Most Feared Pirates Beyond Just the Caribbean

Most Feared Pirates Beyond Just the Caribbean

Pirates are a popular theme not only for adventure novelists but also for filmmakers and series creators. Although we can still encounter this profession today, especially off the coast of Africa, modern maritime rogues are viewed by the world as nothing more than dirty criminals.

There were more opportune times and places for plundering ships and coasts. The eighteenth century was especially a haven for pirates, giving birth to the greatest legends we know today. And not all of them operated in the Caribbean.

Edward Teach 

Anyone with even a slight interest in piracy must undoubtedly know of Edward Teach, also known as Blackbeard. This tall man enjoyed plundering ships and coastal settlements, and while he wasn't hesitant to kill, he reportedly wasn't as brutal as often portrayed.

Blackbeard's distinguishing feature was his thick beard, into which he intertwined slow-burning fuses, often instilling immense fear.

His most significant acquisition, the ship named Queen Anne's Revenge, also commanded great respect. Not only was it robust, but it also boasted a vast array of cannons and guns. No wonder merchant ships often didn't even try to escape and surrendered preemptively.

Although Blackbeard was highly successful in his endeavors, his luck didn't last forever. In 1718, the British navy put an end to his reign of terror.

This occurred during the battle in Ocracoke Inlet, where Blackbeard was repeatedly stabbed and shot.
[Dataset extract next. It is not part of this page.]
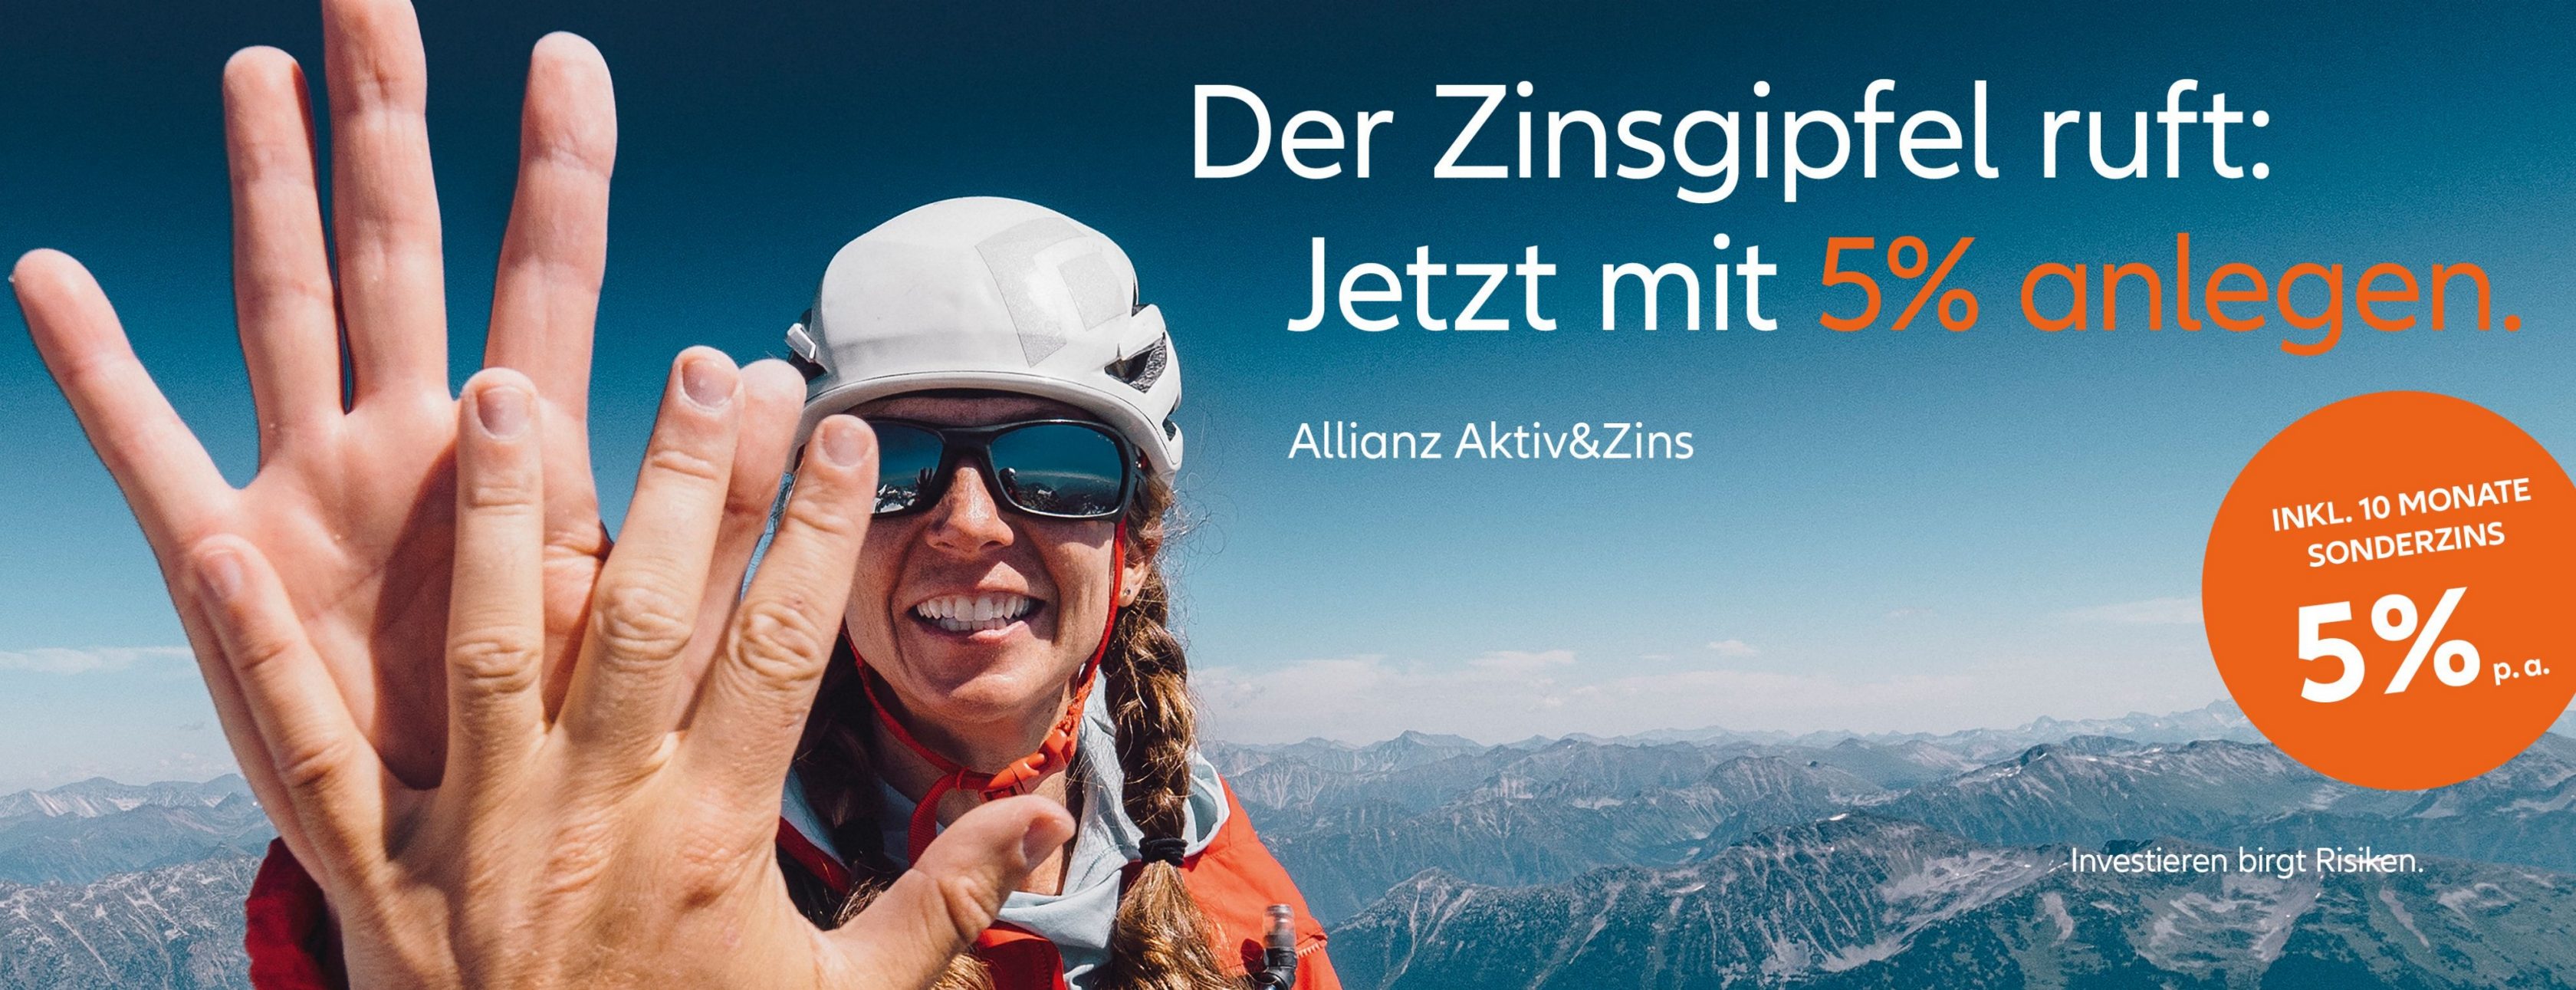 Allianz Versicherung Potratz EGbR Kolkwitz - Zinsgipfel, Werbung Allianz Aktiv&Zins

In the end, his head was severed and hung from the ship's mast. A bitter end, but such is the fate of many pirates.

Bartholomew Roberts

Bartholomew Roberts is more commonly known by his nickname, Black Bart. Born in Wales in 1682, this most successful Caribbean pirate initially was an honest sailor. However, the allure of quick and easy profits eventually drew him to piracy.

Morally speaking, it wasn't a bad career choice. Black Bart quickly rose to prominence in his profession.

During his tenure as a pirate captain, he reportedly plundered around 400 ships, an impressive number.

Even more so when you consider he achieved this in just four years, averaging about a hundred ships annually.

As is often the case, the brightest stars don't shine for long, and such was the case for Roberts.

Black Bart was defeated and killed by the British near the coast of Gabon. However, it wasn't a grand battle. At the time of the British attack, the pirates had more alcohol than blood in their veins, offering only symbolic resistance.

Čeng Š´

Compared to Ching Š´, all Caribbean pirates were mere amateurs. At the height of her fame, this lady commanded up to 300 ships with around 40,000 men. She rightfully holds a top position in the pirate pantheon.

Before becoming a living legend, Ching Š´ was a prostitute. She would have likely continued in this profession had pirates not kidnapped her one day.

While such a twist would spell disaster for most, for Ching Š´, it was the best day of her life. She managed to charm the pirate leader, Cheng I, whom she eventually married.

After his death, she replaced her husband in his position, automatically becoming the commander of the largest pirate fleet of the time. Unlike many other pirates, she didn't meet a violent end.

She eventually gave up plundering in 1810 by accepting amnesty. However, she kept all her loot.

Is it Truth or Fiction?

Famous pirates of the past rightfully instilled fear and shock in their contemporaries. So many myths and tales were spun around individuals who sailed under the black flag during their lifetimes that today, for most of them, we often struggle to distinguish between fiction and fact. Perhaps it's for the best, as literature and the film industry would be much poorer without pirates.